SPIDERS is definately my favorite. Anything but HORNETS is fine with me though. It's a new start, I'd like a new name. The name really doesn't concern me as much as the colors. I'd like some colors that can actually be worn in public. Purple and Cerulean? (or whatever the colors were technically called) 

You have to have cool colors if you are SPIDERS, right?


----------



## KJay

Make them the Charlote Tigers


----------



## King Alley

Here is the list

Cougars
Counts
Emeralds
and Royals


----------



## MAS RipCity

Charlotte Flight is the way to go...can't believe hasn't been mentioned. And don't switch Utah name's to Nawlins andNawlins' to Charlotte. I agree wit hthe person who said the Jazz are more recognizeable now then the Nawlins' Jazz. It was the teams' and NBA mistake back then not to switch names, so don't mess everything up now.

Charlotte Flight is the answer:yes:


----------



## hOnDo

> Originally posted by <b>bender</b>!
> Utah [strike]Polygamists[/strike] :laugh:
> 
> this could be very offensive to some.



:no:


----------



## Sicky Dimpkins

I think the league should give Charlotte the Hornet name back. 

They should name the New Orleans team the Shinn Splits. :laugh:


----------



## bruno34115

> Originally posted by <b>mambo47</b>!
> Their new name is the Charlotte Sting according to the designated coach Bernie Bickerstaff. He was an assistant when the Bullets won thei championship.

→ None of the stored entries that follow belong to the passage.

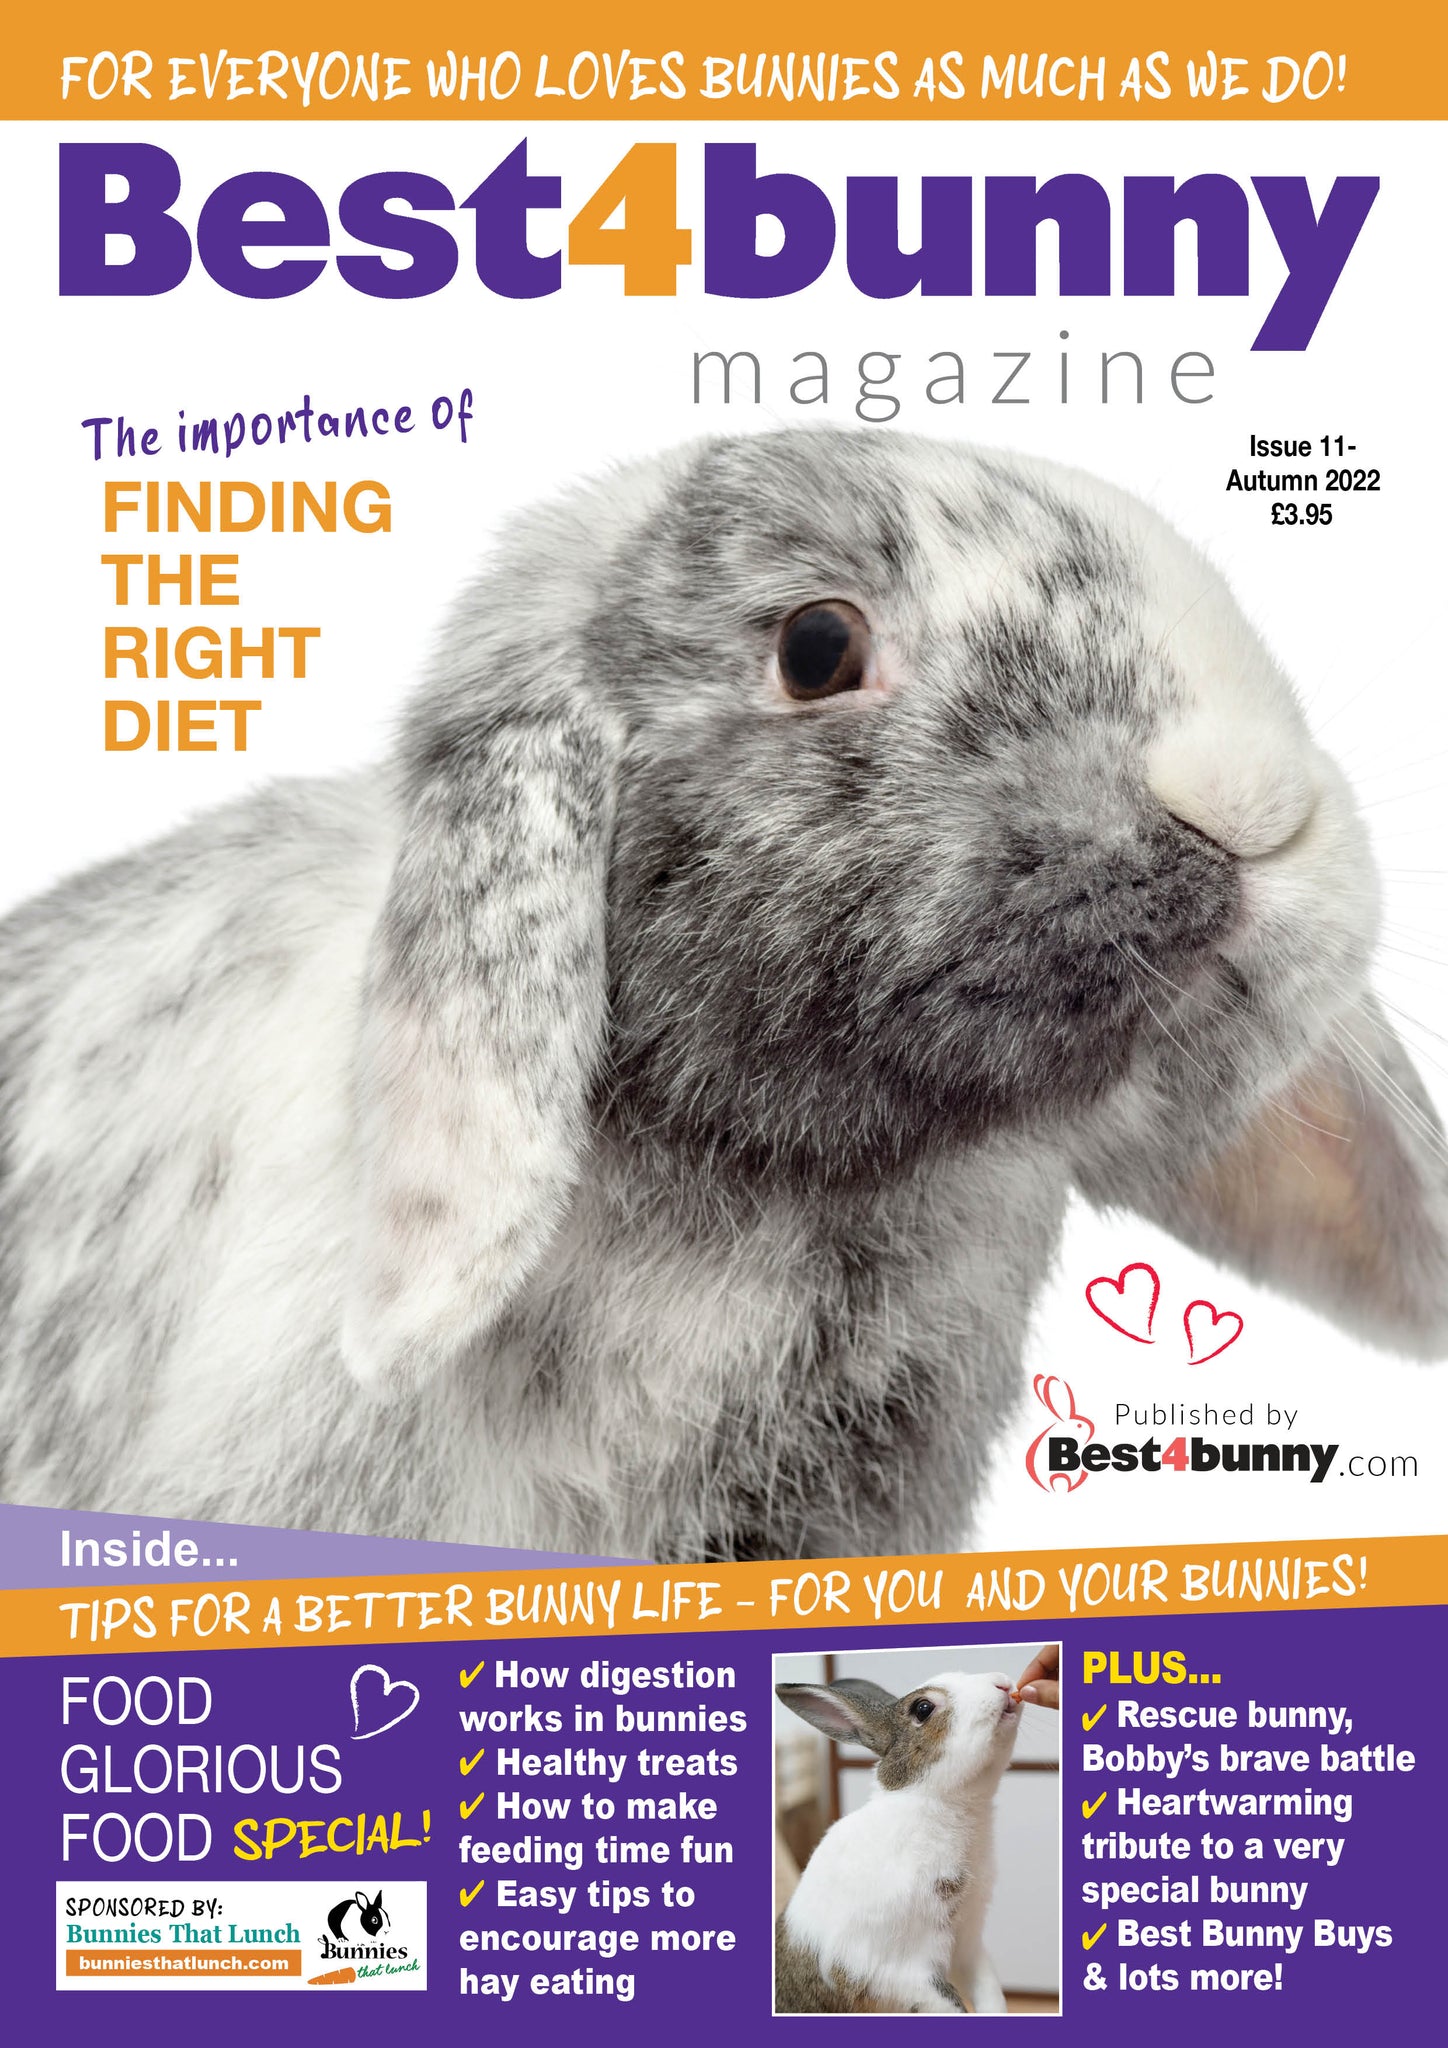 best 4 bunny magazine issue 11 autumn 2022. The cover shows a grey and white lop eared rabbit and a top article titles 'the importance of finding the right diet'. Inside includes tips for a better bunny life for you and your bunnies. 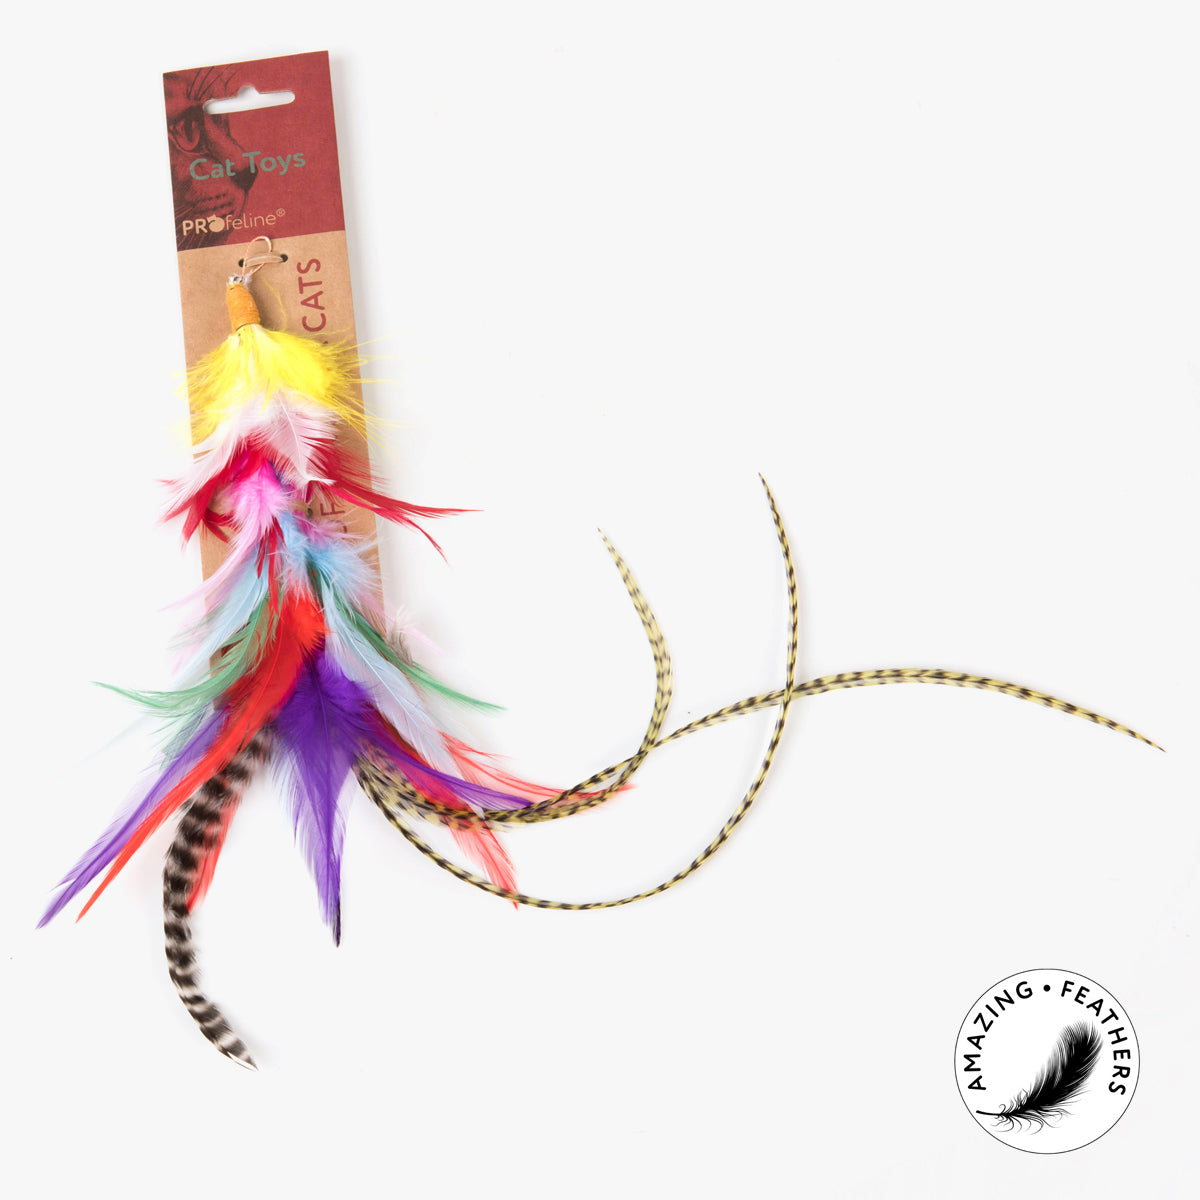 Profeline Brazil Kitten Toy, Handmade From Colourful Feathers | at Made Moggie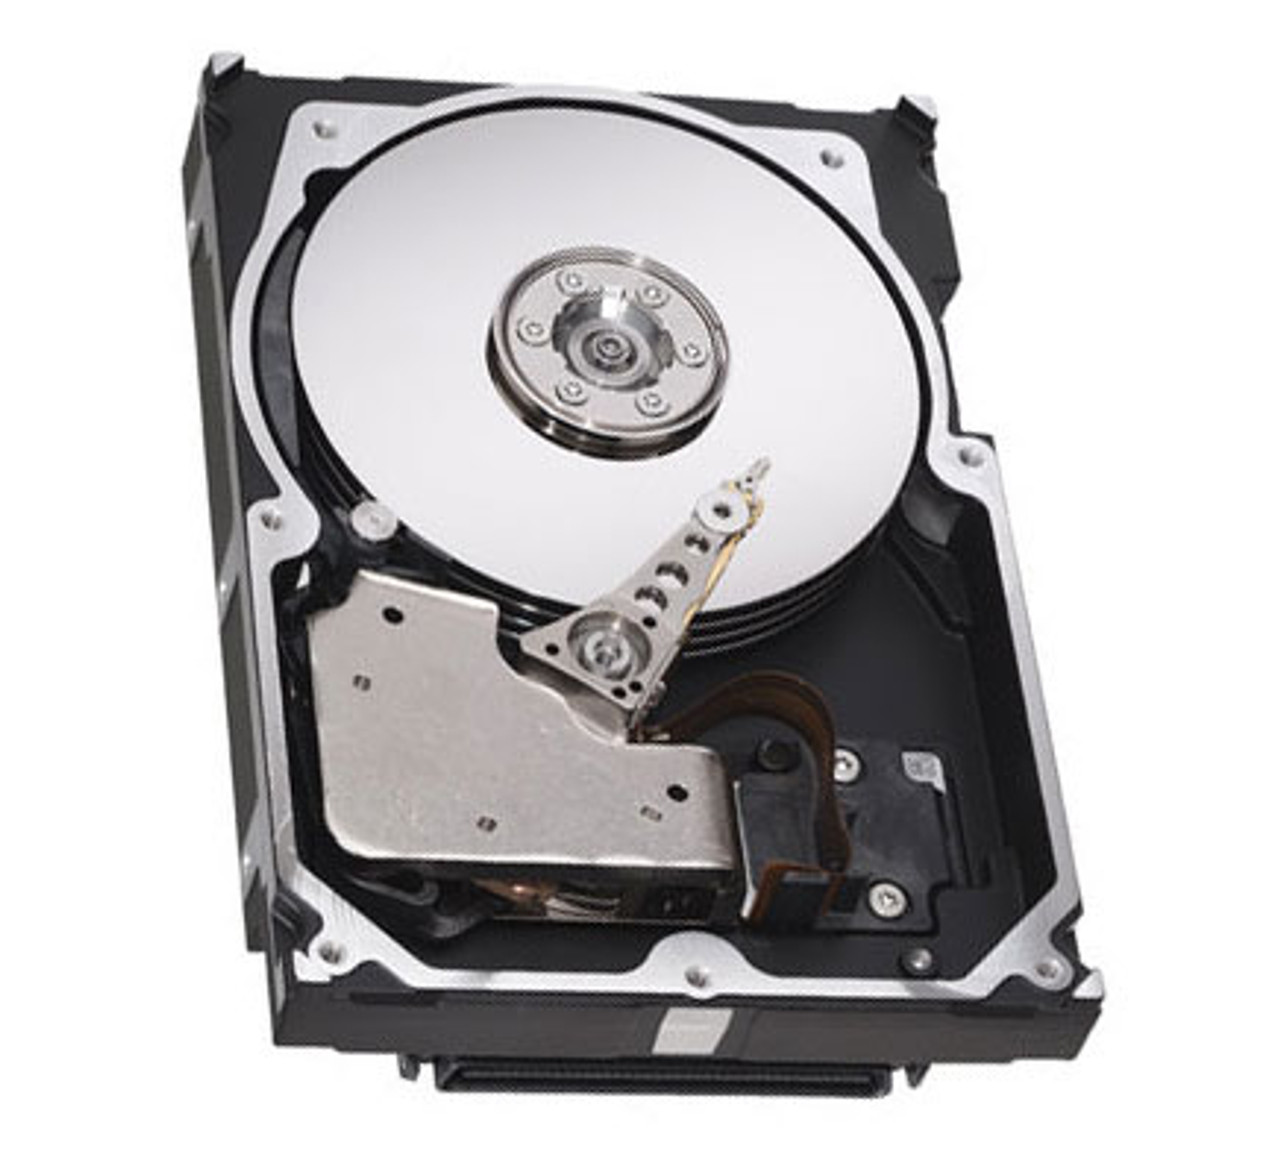 1R179-U Dell 36GB 10000RPM Ultra-320 SCSI 80-Pin Hot Swap 8MB Cache 3.5-inch Internal Hard Drive with Tray

thats the name of the wnba team


----------



## Lope31

lol maybe the wnba team went under.

i think a few of them did


----------



## bruno34115

they shouldnt be called the sting to former wnba like


----------



## The_Franchise

Charlotte Charlotte 

kinda like Pizza Pizza. Or New York New York. I know I know, you love it.


----------



## Lope31

I like the idea of moving all the names around but it would kind of sabotoge there idenntities...


----------



## Schilly

I hate it when teams ressurect a name of a team that was there then moved and changed it's name.

I thought it terribly lame when the Cleveland NFL expansion team took on the name Browns. I always think to myself "How did the Browns get so bad" then I remember the Browns are the Ravens now and still pretty good, but some one had to reuse a dead name.

Charlotte should have a new identity, otherwise the team will still be associated as the team now in New Orleans.


----------



## RickyBlaze

*moving names...*

"Jazz" to n'awlins....

"Hornets" to Charlotte

"Mor-MEN" to Utah....


I like it!!!


----------



## Cavsfan07

Okay here we go

Charlotte Hornets 
New Orleans Ragin' Cajuns

Even though they don't "need too"

Utah Avalanche
Jazz just doesnt make sence


----------



## UKfan4Life

I still say the name should just simply be the Charlotte Humans.



Hey, it'd be the most original nickname in the NBA!


----------



## SignGuyDino

According to today's paper, the finalists are: Bobcats, Dragons, and Flight.


I thought they were thinking of "spiders." :upset: 

Anyway, two of them are stupid ideas....The NBDL already has two of the names, the Huntsville FLIGHT, and the Columbus RiverDRAGONS.

And I got a letter for the NBA legal dept. today saying they can't use my idea for a potential NBDL team in Knoxville (maybe someday) because the inhouse creative team can't accept outside ideas.

Excuse me?? WHAT CREATIVE THING HAS THE NBDL DONE IN THE LAST YEAR AND A HALF?? THE LOGOS ARE ALL THE SAME. 


It's not like I wanted to profit on it, I honestly could care less and would be honored to sign a release.

Anyway, if you're curious...http://www.wncsport.com/knoxvillefusion 

in reference to the City's energy themed World's Fair


----------



## SignGuyDino

And excuse this moronic double-post...:mrt:


----------



## II I III I I II

It just cant be Bobcats....It sounds like a high school mascot. I suppose Flight is my favorite. The Charlotte Flight sort of has a ring to it. Endless logo possibilities.


----------



## BleedGreen

> Originally posted by <b>II I III I I II</b>!
> It just cant be Bobcats....It sounds like a high school mascot. I suppose Flight is my favorite. The Charlotte Flight sort of has a ring to it. Endless logo possibilities.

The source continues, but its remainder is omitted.